The night they make us throw our words into the fire we have nothing but smiles behind our hands.
The torn sheets of Merriam-Webster’s Dictionary include a page that begins with home and ends with homeless. An armed man with fair hair burns another: outright/ova. An AK dangles over his hip.
Reporters from the local gazette snap pencils, empty jars of ink, toss in ancient typewriters, yellowed computers and laptops.
A podium goes up in front of the courthouse to broadcast words of encouragement and foster community.

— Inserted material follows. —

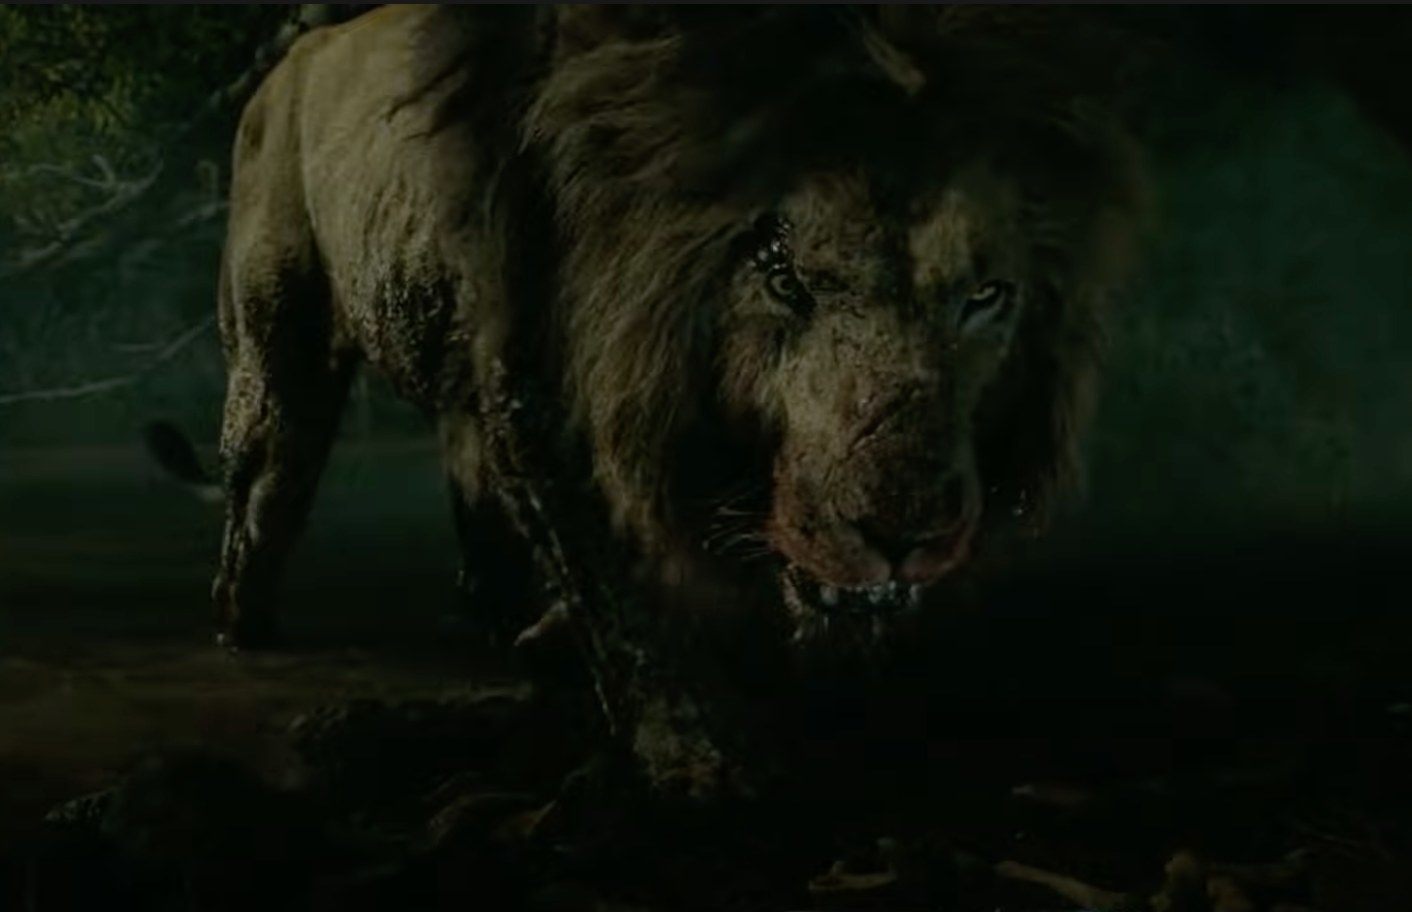 The rogue lion in Beast, CGI created
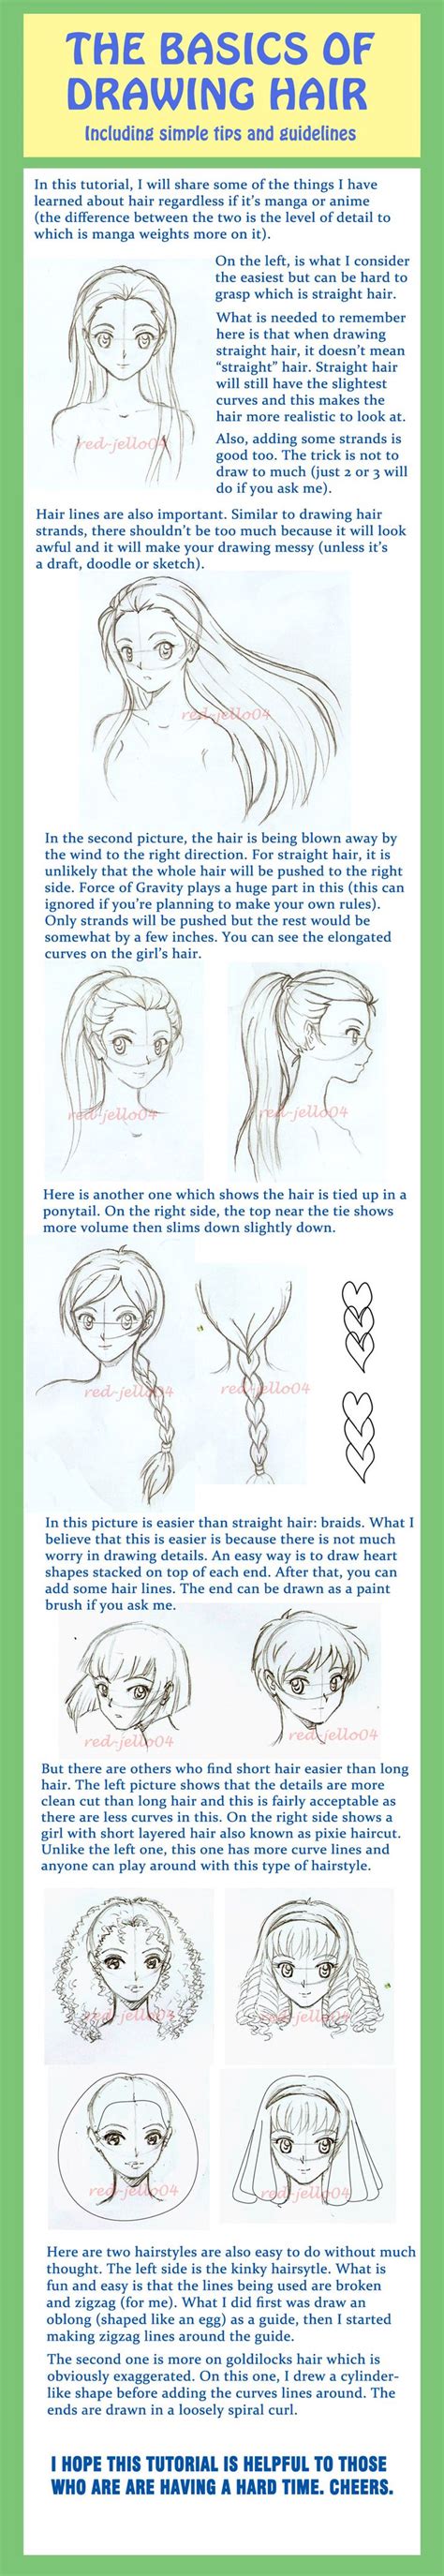 Basic Hair Tutorial By Red Jello04 On Deviantart How To Draw Hair

A banner is hung: MAY WE ALL BE WELL.
In front of me a woman reaches into her throat. She removes her voice box. A pulpy orb in the moonlight, it is floated between hands until it reaches the pyre. There it lands, meat on a grill. When it cries out, the woman cannot hush it, so instead she holds a finger to her lips and now there’s blood everywhere.
In line, my sister is crying. She hugs her diary. I tell her to hurry, to eat its pages, her words, one by one, so the flames can never hold them hostage. I look at the bandage on my palm, the one covering the burn from the brand which has removed my tattoo that used to say I WILL NOT TELL A LIE.
The man with the gun comes to stand beside me. He pats my head, says: girl, we wrote the book on the lies we tell, the words we burn, the people who are the best of the worst.
Why? I ask
Don’t you know? he says. Your voice is a match begging for fire.